- [The task]
From the entries below, tally the lines with "wedding" in them and reply with that figure only.

- [Data under study]
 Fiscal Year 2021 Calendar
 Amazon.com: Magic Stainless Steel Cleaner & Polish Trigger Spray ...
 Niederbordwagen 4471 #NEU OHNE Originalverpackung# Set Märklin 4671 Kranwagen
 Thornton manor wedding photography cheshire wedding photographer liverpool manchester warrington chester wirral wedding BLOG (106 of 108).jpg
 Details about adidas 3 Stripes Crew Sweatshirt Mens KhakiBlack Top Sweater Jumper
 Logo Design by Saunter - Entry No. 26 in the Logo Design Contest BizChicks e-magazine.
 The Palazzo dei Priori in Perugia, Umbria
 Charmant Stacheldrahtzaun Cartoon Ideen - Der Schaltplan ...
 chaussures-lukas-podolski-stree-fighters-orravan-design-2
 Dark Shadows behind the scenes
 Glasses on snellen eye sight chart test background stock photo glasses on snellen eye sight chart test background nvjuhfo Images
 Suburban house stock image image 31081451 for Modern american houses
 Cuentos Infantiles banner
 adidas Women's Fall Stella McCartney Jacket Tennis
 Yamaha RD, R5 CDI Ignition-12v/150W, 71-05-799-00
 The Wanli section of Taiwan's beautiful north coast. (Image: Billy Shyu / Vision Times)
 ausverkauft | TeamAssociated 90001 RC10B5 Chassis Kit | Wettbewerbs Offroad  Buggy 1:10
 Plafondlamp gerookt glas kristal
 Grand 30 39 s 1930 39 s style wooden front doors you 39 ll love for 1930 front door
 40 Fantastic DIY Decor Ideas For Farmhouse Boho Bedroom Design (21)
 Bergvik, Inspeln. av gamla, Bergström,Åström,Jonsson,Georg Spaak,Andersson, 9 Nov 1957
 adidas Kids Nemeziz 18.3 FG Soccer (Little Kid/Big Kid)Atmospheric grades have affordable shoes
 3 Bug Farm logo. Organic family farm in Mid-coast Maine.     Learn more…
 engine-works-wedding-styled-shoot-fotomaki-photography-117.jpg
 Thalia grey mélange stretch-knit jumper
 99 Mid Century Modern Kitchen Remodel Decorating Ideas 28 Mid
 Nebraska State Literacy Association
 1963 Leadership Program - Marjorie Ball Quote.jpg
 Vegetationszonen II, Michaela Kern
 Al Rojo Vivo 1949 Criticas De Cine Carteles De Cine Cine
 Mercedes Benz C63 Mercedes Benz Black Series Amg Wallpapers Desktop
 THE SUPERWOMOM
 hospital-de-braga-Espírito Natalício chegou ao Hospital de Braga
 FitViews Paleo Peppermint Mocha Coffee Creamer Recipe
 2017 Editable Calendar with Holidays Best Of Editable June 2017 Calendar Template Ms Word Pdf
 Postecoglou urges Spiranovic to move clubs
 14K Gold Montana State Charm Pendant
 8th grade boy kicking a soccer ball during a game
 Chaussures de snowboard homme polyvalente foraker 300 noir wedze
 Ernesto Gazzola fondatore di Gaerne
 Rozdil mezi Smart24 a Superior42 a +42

- [Written response]
2